- Born: Gerald Perry Finnerman December 17, 1931 Los Angeles, California, U.S.
- Died: April 6, 2011 (aged 79) Los Angeles, California, U.S.
- Resting place: Mount Sinai Memorial Park
- Occupation: Cinematographer
- Years active: 1959–1995
- Parent: Perry Finnerman (father)

= Gerald Finnerman =

American cinematographer

Gerald Perry Finnerman (December 17, 1931 – April 6, 2011) was an American cinematographer who worked on TV series such as Moonlighting and the original Star Trek. He served as vice president of the American Society of Cinematographers, and won a Primetime Emmy Award for Outstanding Cinematography in Entertainment Programming for a Special.

==Biography==
Gerald Finnerman was born on December 17, 1931, in Los Angeles, California. He attended Hollywood High School, and afterwards went to Loyola Marymount University, where he majored in abnormal psychology. Finnerman was a combat photographer before joining his father, Perry Finnerman, at Warner Bros., where Perry was contracted as a camera operator (and, later, a cinematographer). After Perry's death at the age of 56, Finnerman began to work with Harry Stradling at Warner. Stradling promoted Finnerman from focus puller to camera operator, and in 1964 the two left Warner to become freelancers.

They worked together for Paramount Pictures, Universal Studios and Columbia Pictures on films such as Walk, Don't Run, starring Cary Grant, and the Jack Lemmon movie How to Murder Your Wife. Finnerman was Stradling's camera operator when he won the Academy Award for Best Cinematography for My Fair Lady. Stradling recommended him as a cinematographer to Desilu Productions for their new science fiction series, Star Trek, after Harry Stradling Jr. turned down the job.
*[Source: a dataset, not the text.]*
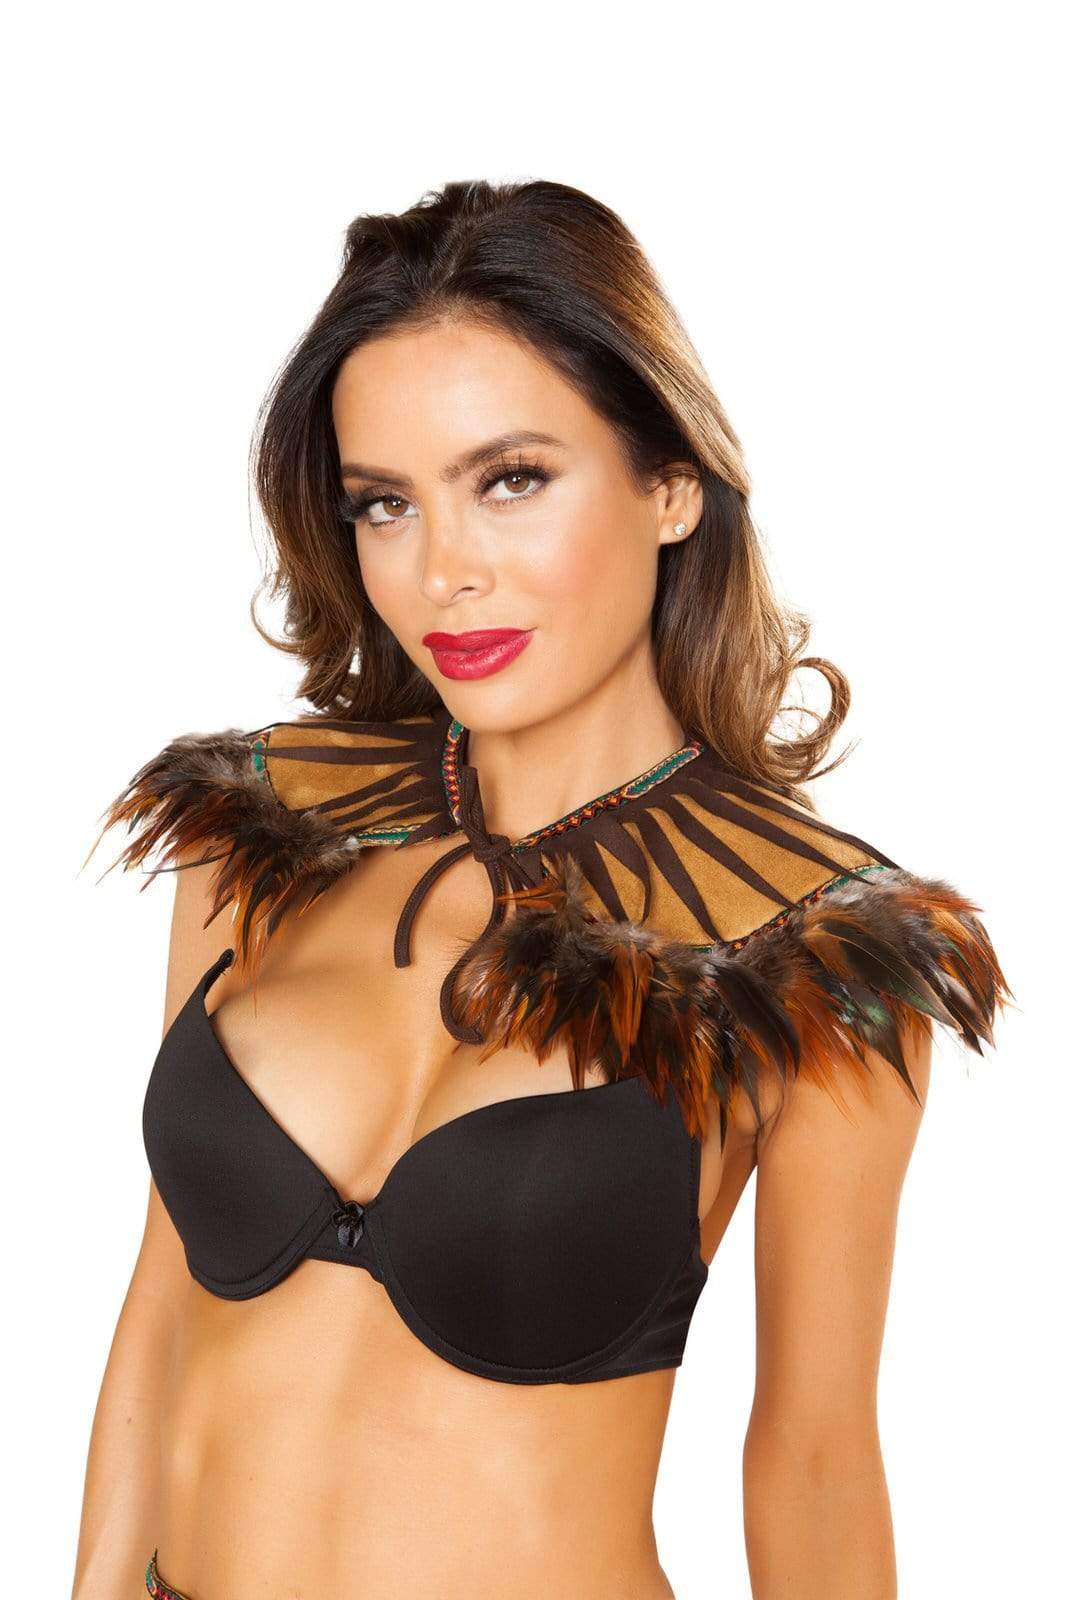 Roma One Size / Brown Native Indian Style Feather Neck Piece Costume Accessory SHC-NEC10118-OS-R Apparel &amp; Accessories &gt; Costumes &amp; Accessories &gt; Costumes

He was subsequently hired, and, at the age of 32, was one of the youngest cinematographers in Hollywood. He later said, "On a show like Star Trek, you have to push the envelope, the result of playing it safe is a diet of pabulum." He used light placements and colored gels as mood lighting. Employing lighting techniques and changing background wall colors, he discovered that a range of effects could be seen on a single set. One enhancement he made was the effects for the transporter; he explained, "I put fixtures in the bottom and fixtures in the top, and [the actors] would stand on them. Then I would have somebody on a dimmer work the visual, the special effect of light going on and off, and then they would zap them."

He worked on Star Trek through most of the three-year run of the series, and afterwards moved on to Mission: Impossible, another Paramount (and former Desilu) production. He worked on The Lost Man starring Sidney Poitier. In 1969 he was on board a small Piper Pacer airplane with other crew, to scout out locations in Colorado. The plane crashed, and Finnerman was the sole survivor. The injuries he suffered in the crash resulted in him being required to wear a metal full body brace for the following six years. He joined the American Society of Cinematographers in 1970 after being nominated by Stradling. He went on to become vice president of the society.

During the 1970s and 1980s, he earned Primetime Emmy Award nominations for his work on Kojak, From Here to Eternity, and The Gangster Chronicles. He won an Emmy for Outstanding Cinematography in Entertainment Programming for a Special for his work on the television film Ziegfeld: The Man and His Women. In 1985, he began working on Moonlighting, for which he gained two further Emmy nominations. The creator of Star Trek, Gene Roddenberry, invited Finnerman to join the team putting together Star Trek: The Next Generation in 1986, but he turned down the offer. In 1996, he was inducted into the Producers Guild Hall of Fame for his work on Star Trek, and he was nominated by the Motion Picture & Television Fund for "Philanthropic Man of the Year". He announced his retirement in 2002. He died in 2011 and was interred at Mount Sinai Memorial Park.